For this exercise, repeat the records below exactly and omit every picture.

+++

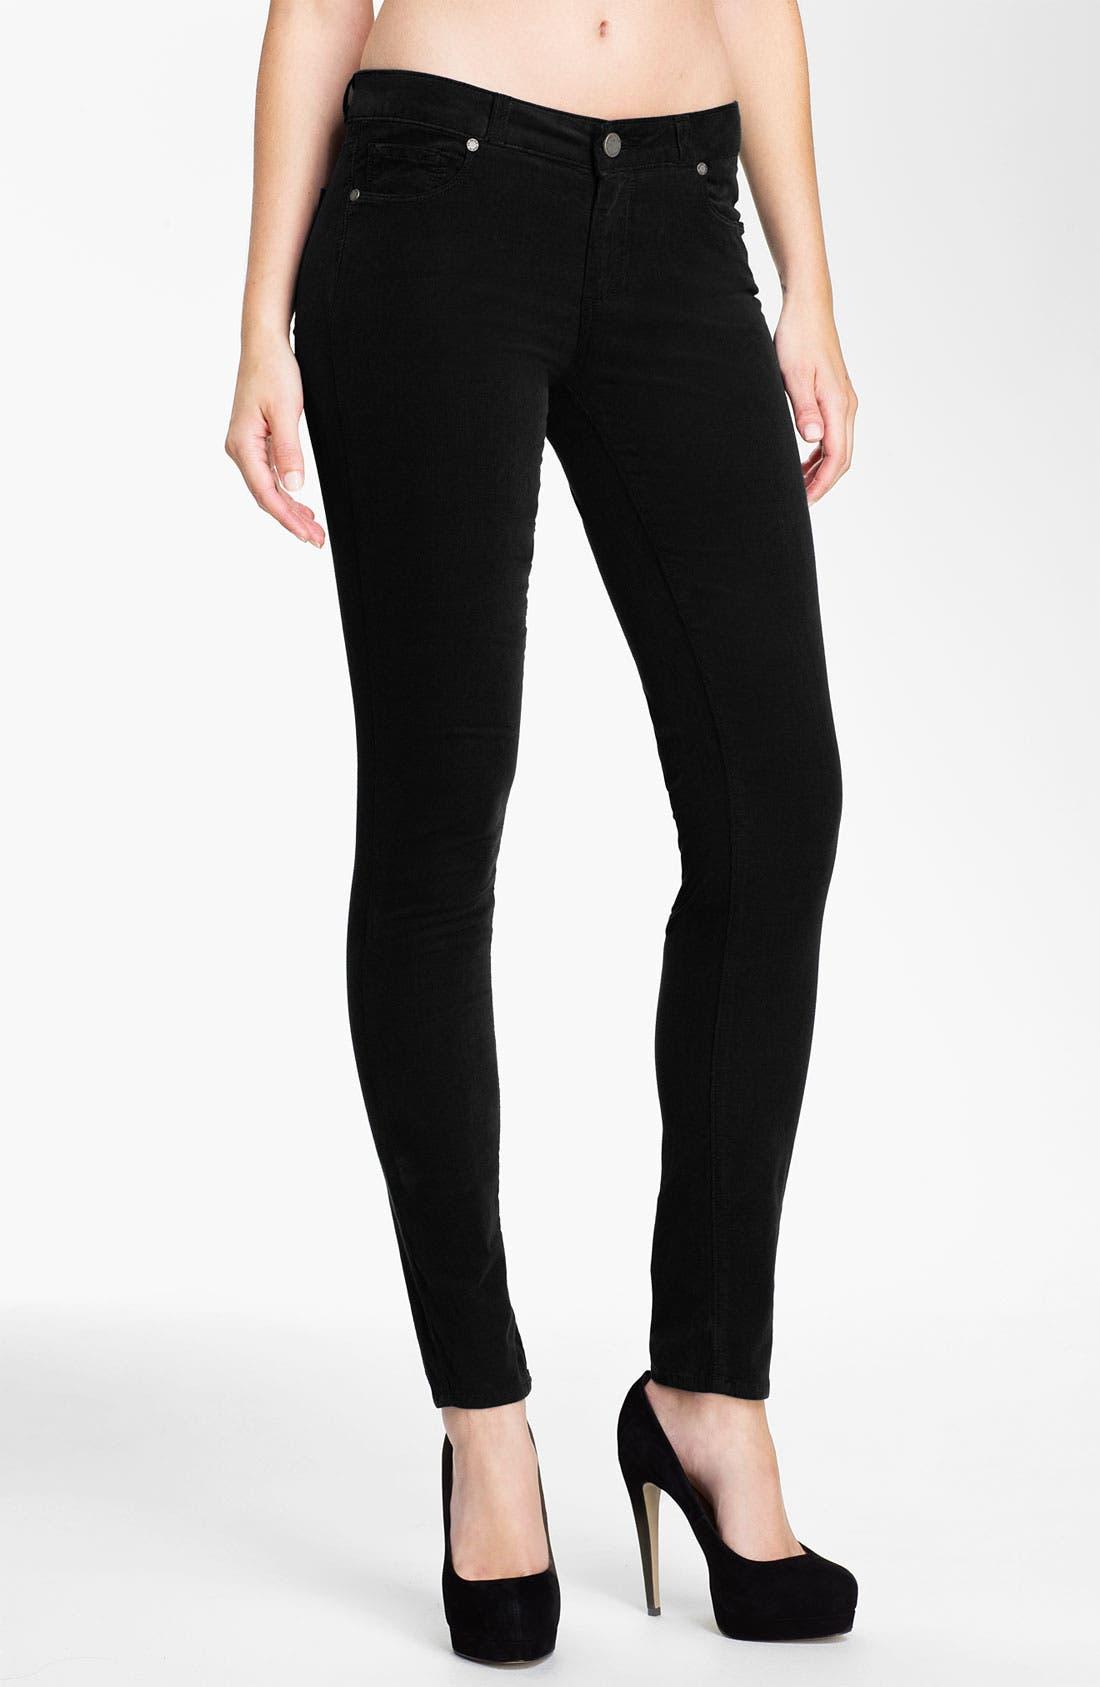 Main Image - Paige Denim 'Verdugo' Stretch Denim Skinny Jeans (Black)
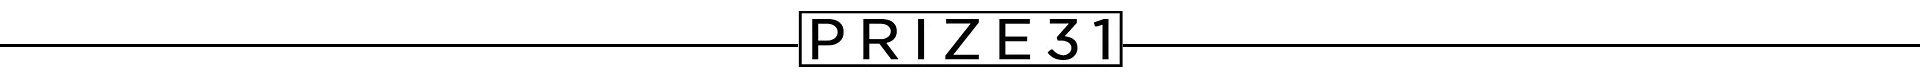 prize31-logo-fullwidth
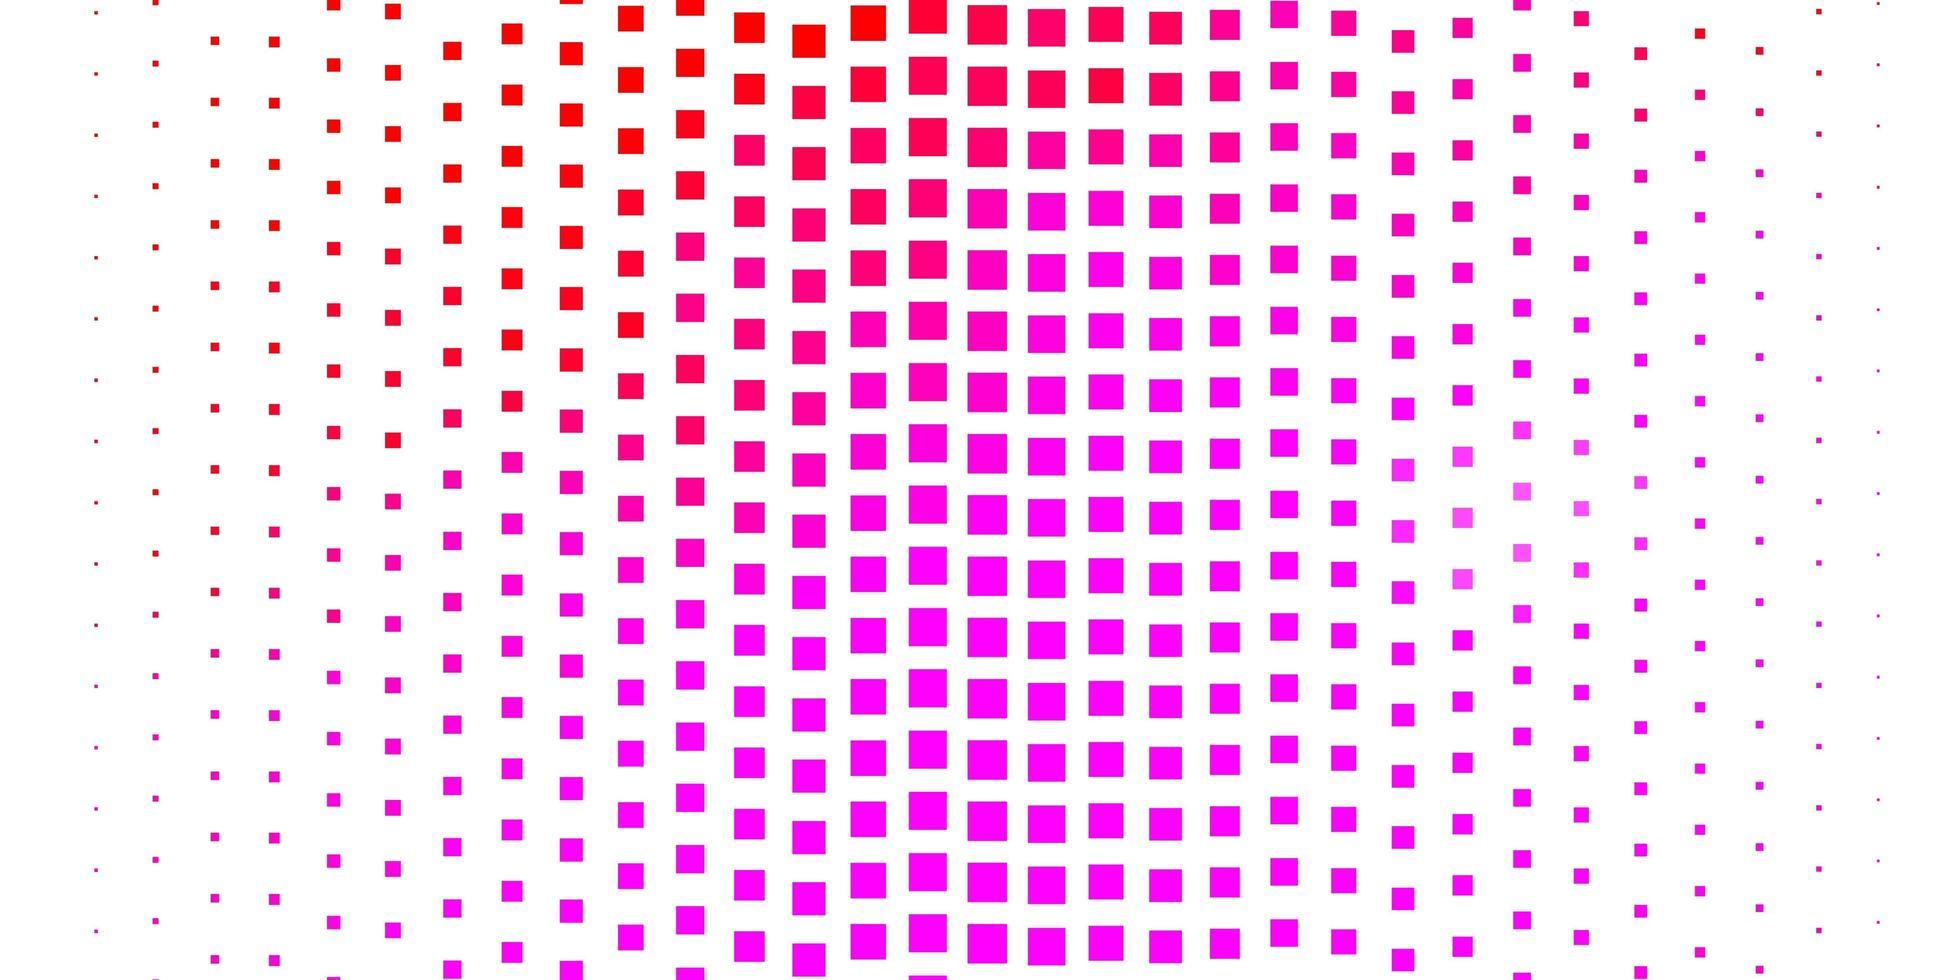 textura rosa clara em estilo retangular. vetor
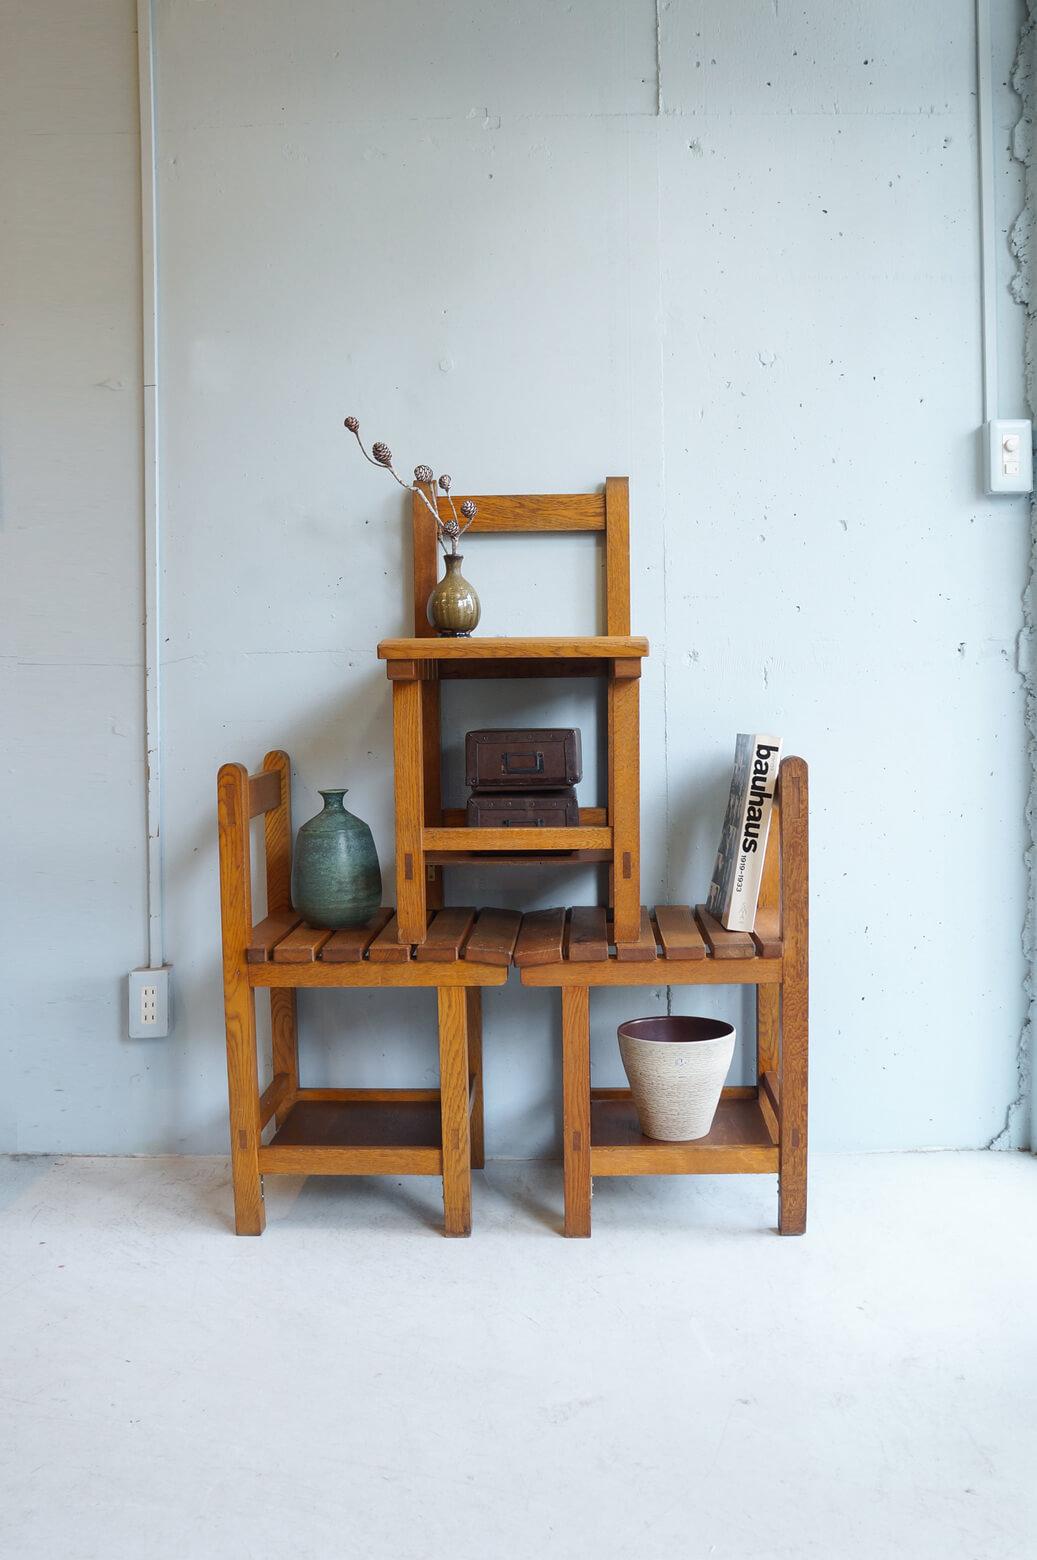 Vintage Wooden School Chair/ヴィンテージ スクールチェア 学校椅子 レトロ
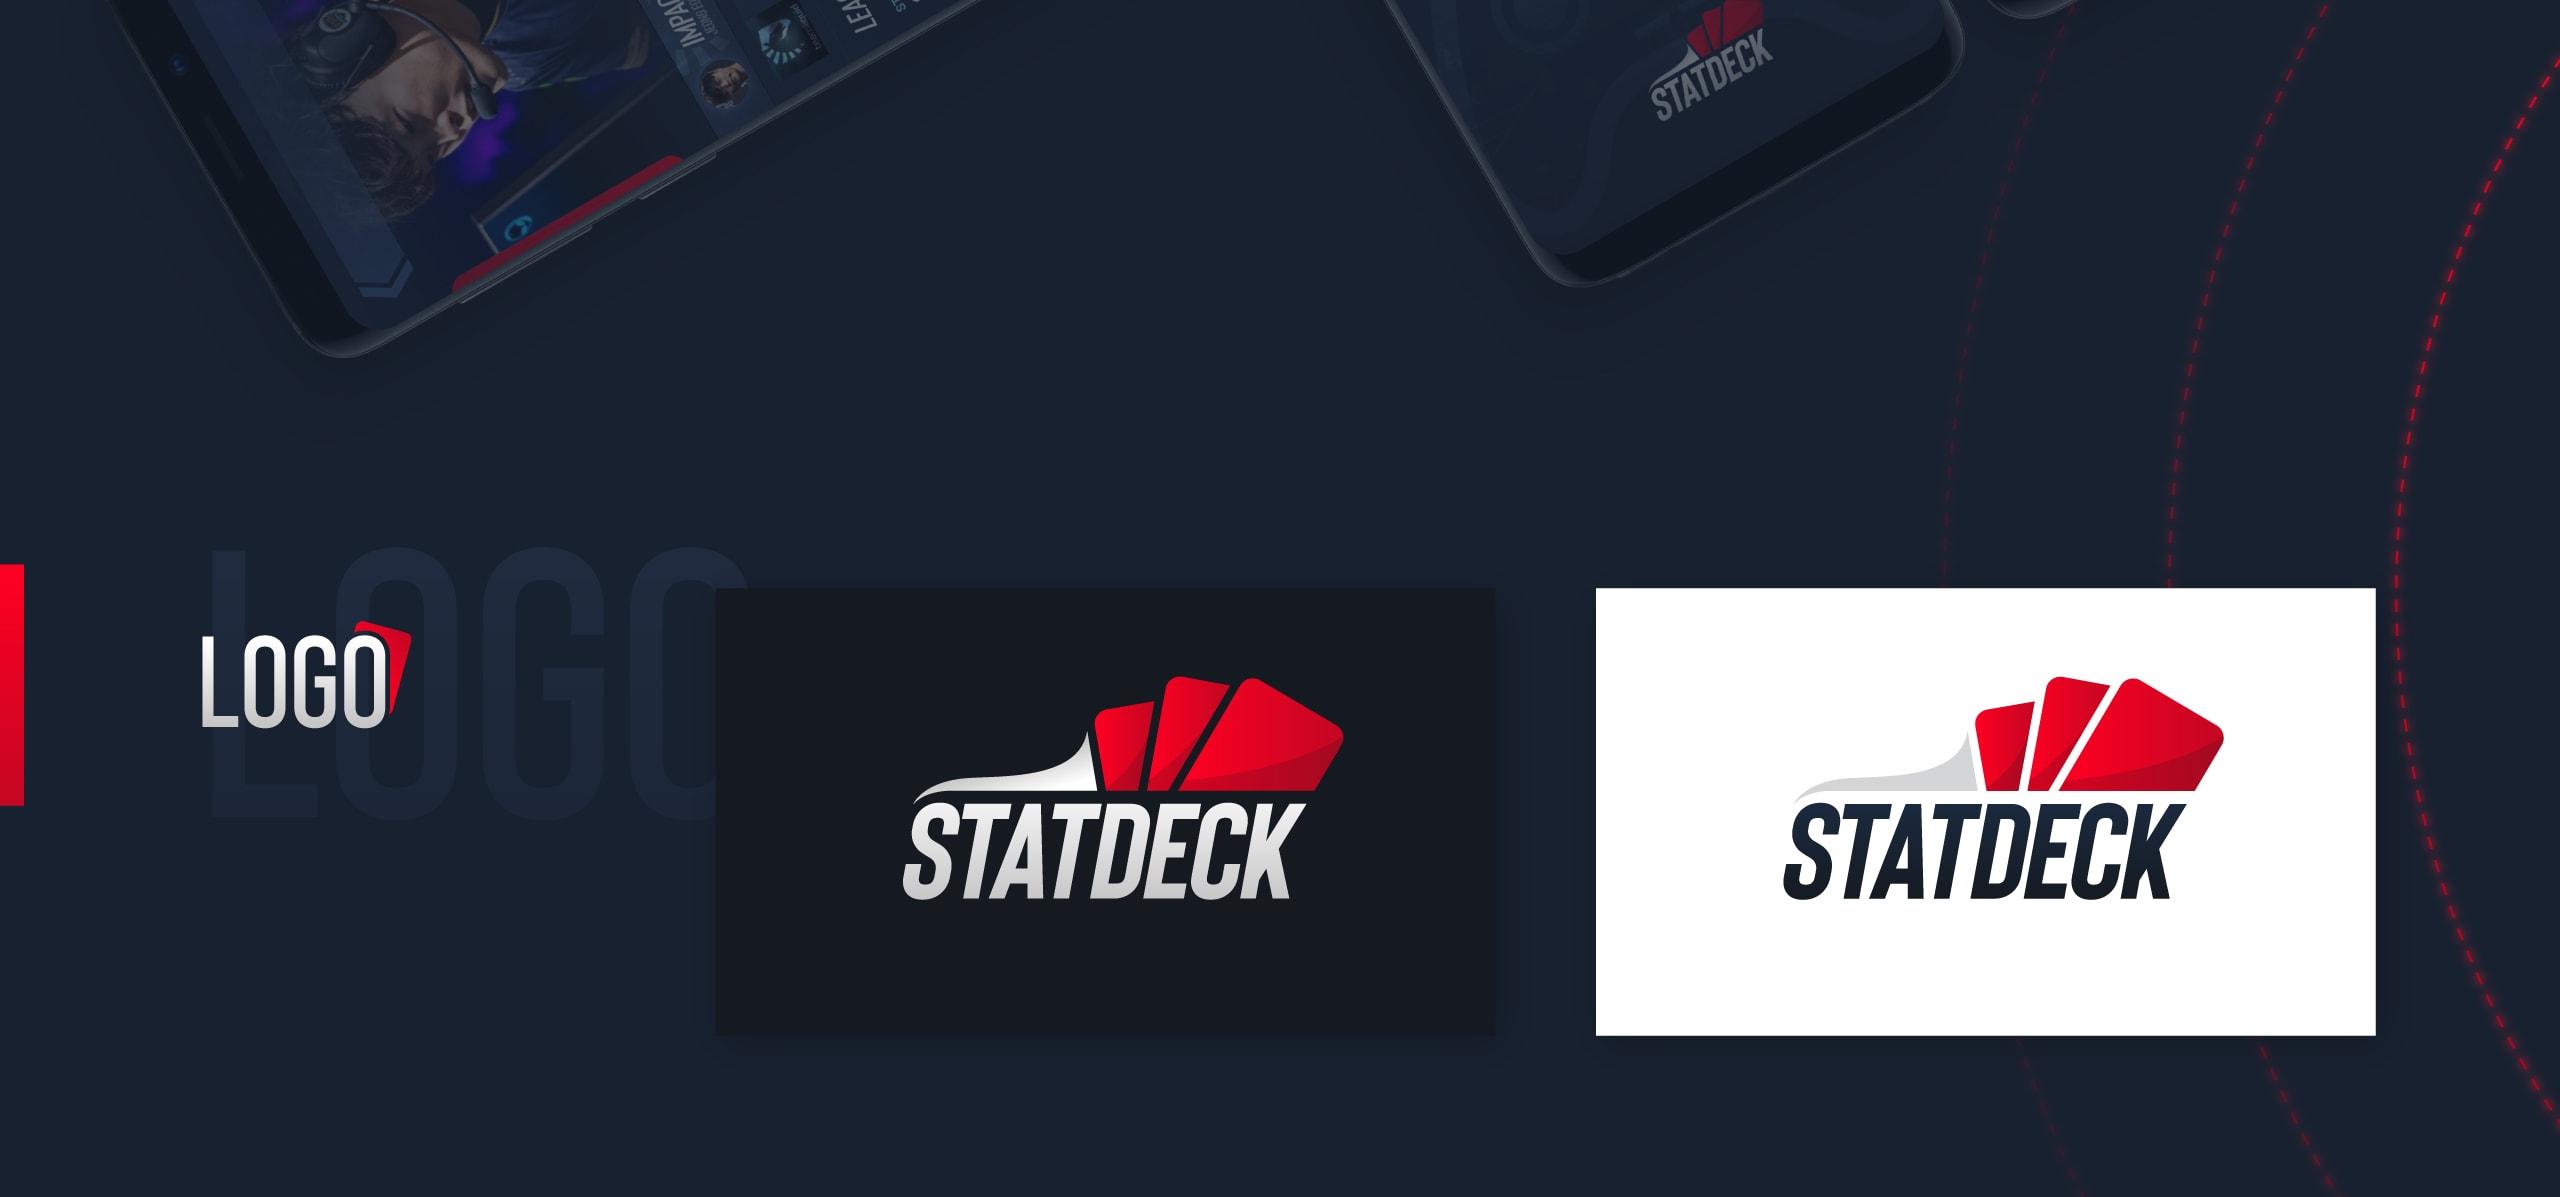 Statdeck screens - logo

+++

▸ **Answer for the task**
 Main Image - Paige Denim 'Verdugo' Stretch Denim Skinny Jeans (Black)
 prize31-logo-fullwidth
 textura rosa clara em estilo retangular. vetor
 Vintage Wooden School Chair/ヴィンテージ スクールチェア 学校椅子 レトロ
 Statdeck screens - logo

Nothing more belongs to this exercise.